About the size of a minibus, the space rock, known as 2023 BU, will whip over the southern tip of South America.

With a closest expected approach of 3600km, it counts as a close shave.

It illustrates how there are still asteroids of significant size lurking near Earth that remain to be detected.

This one was only picked up last weekend by amateur astronomer Gennadiy Borisov, who operates from Nauchnyi in Crimea, the peninsula Russia seized from Ukraine in 2014.

Follow up observations have refined what we know about 2023 BU's size and, crucially, its orbit.

That's how astronomers can be so confident it will miss the planet, even though it will come inside the arc occupied by the world's telecommunications satellites, which sit 36,000km (22,000 miles) above us.

The chances of hitting a satellite are very, very small.

The time of lowest altitude is calculated to be 1.27pm NZT on Friday (00:27 GMT).

Even if 2023 BU was on a direct collision course it would struggle to do much damage.

With an estimated size of 3.5m to 8.5m across, the rock would be likely to disintegrate high in the atmosphere. It would, though, produce a spectacular fireball.

For comparison, the famous Chelyabinsk meteor that entered Earth's atmosphere over southern Russia in 2013 was an object near 20m across. It produced a shockwave that shattered windows on the ground.

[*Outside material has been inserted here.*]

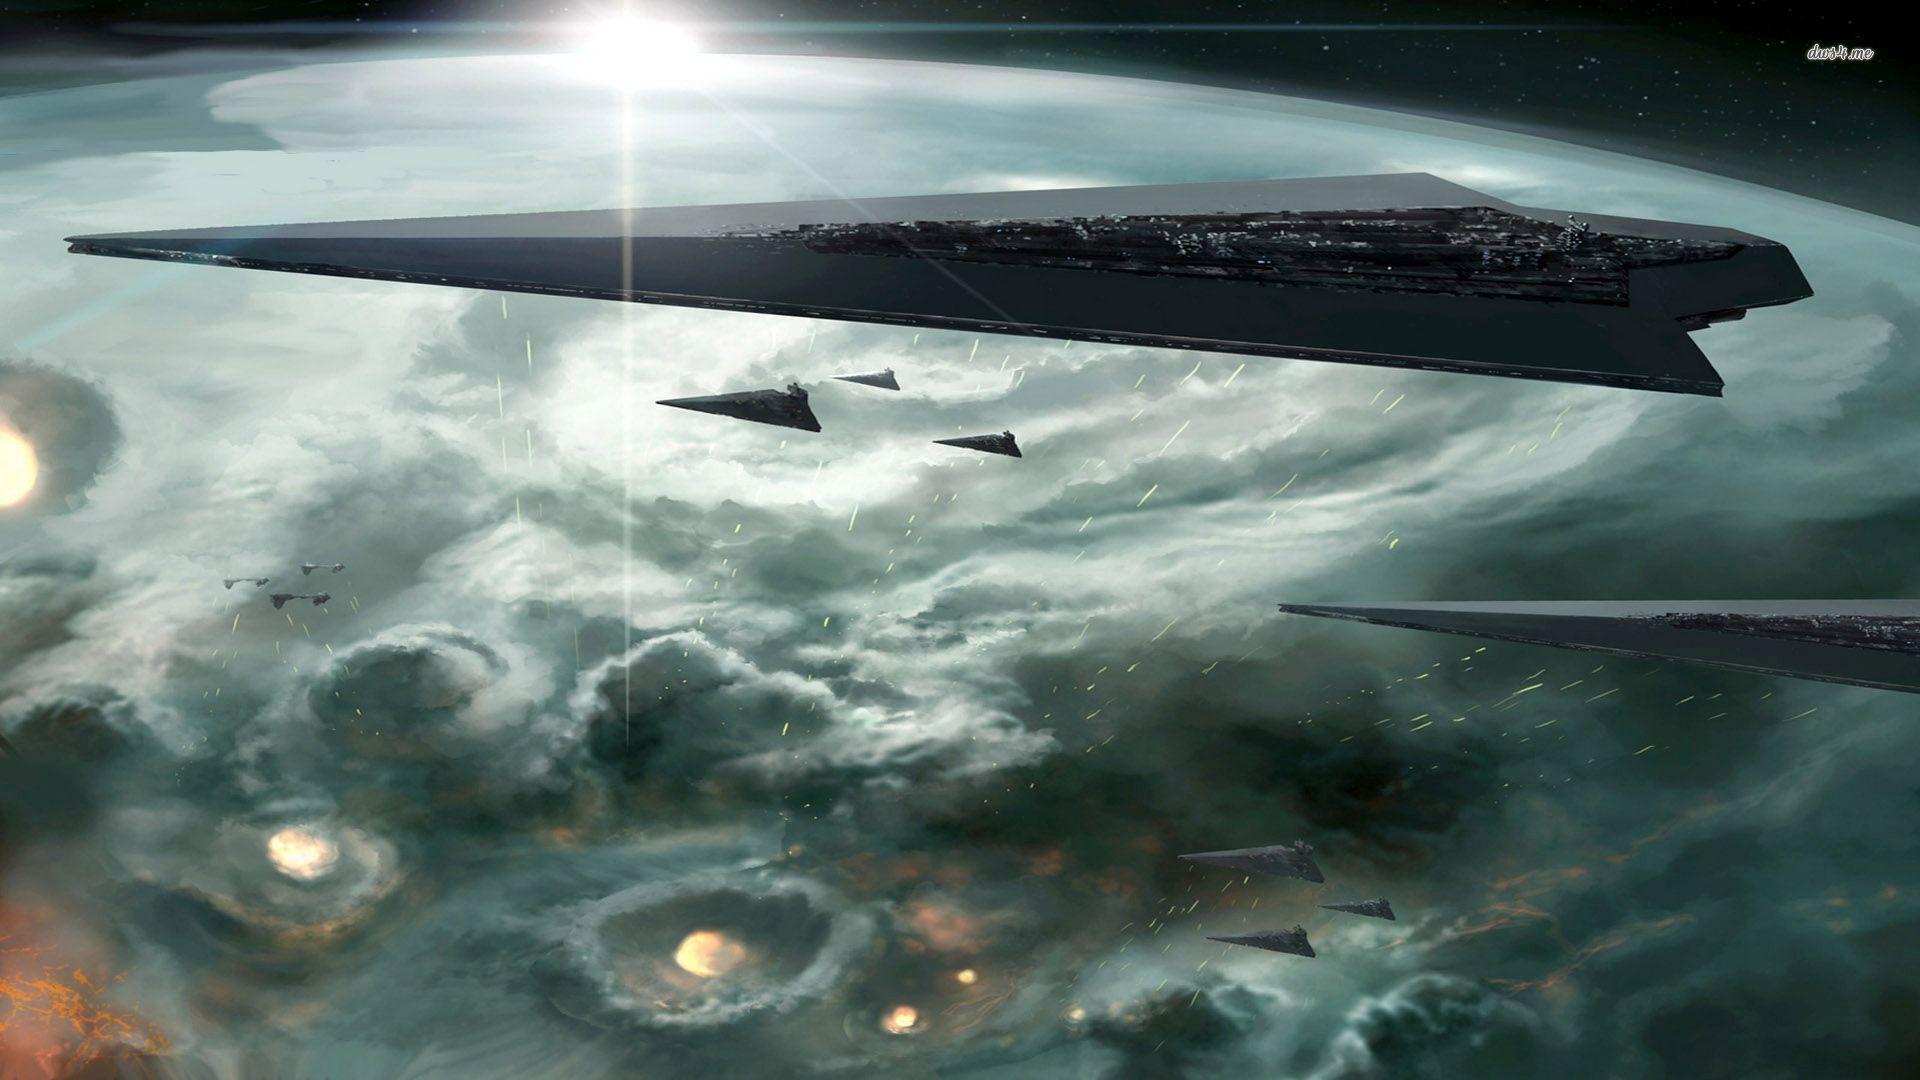 Star Wars Imperial Star Destroyer HD wallpaper. Star wars wallpaper, Star wars art, Imperial star destroyers

Scientists at the US space agency NASA say 2023 BU's orbit around the Sun will be modified by its encounter with Earth.

Our planet's gravity will pull on it and adjust its path through space.

"Before encountering Earth, the asteroid's orbit around the Sun was roughly circular, approximating Earth's orbit, taking 359 days to complete its orbit about the Sun," the agency said in a statement.

"After its encounter, the asteroid's orbit will be more elongated, moving it out to about halfway between Earth's and Mars' orbits at its farthest point from the Sun. The asteroid will then complete one orbit every 425 days."

There is a great effort under way to find the much larger asteroids that really could do damage if they were to strike the Earth.

The true monsters out there, like the 12km-wide rock that wiped out the dinosaurs, have likely all been detected and are not a cause for worry. But come down in size to something that is, say, 150m across and our inventory has gaps.

Statistics indicate perhaps only about 40 percent of these asteroids have been seen and assessed to determine the level of threat they might pose.

Such objects would inflict devastation on the city scale if they were to hit the ground.

"There are still asteroids that cross the Earth's orbit waiting to be discovered," Prof Don Pollacco from the University of Warwick, UK, told BBC News. "2023 BU is a recently discovered object, supposedly the size of a small bus, which must have passed by the Earth thousands of times before. This time it passes by only 2200 miles from the Earth - just 1 percent of the distance to the moon - a celestial near miss.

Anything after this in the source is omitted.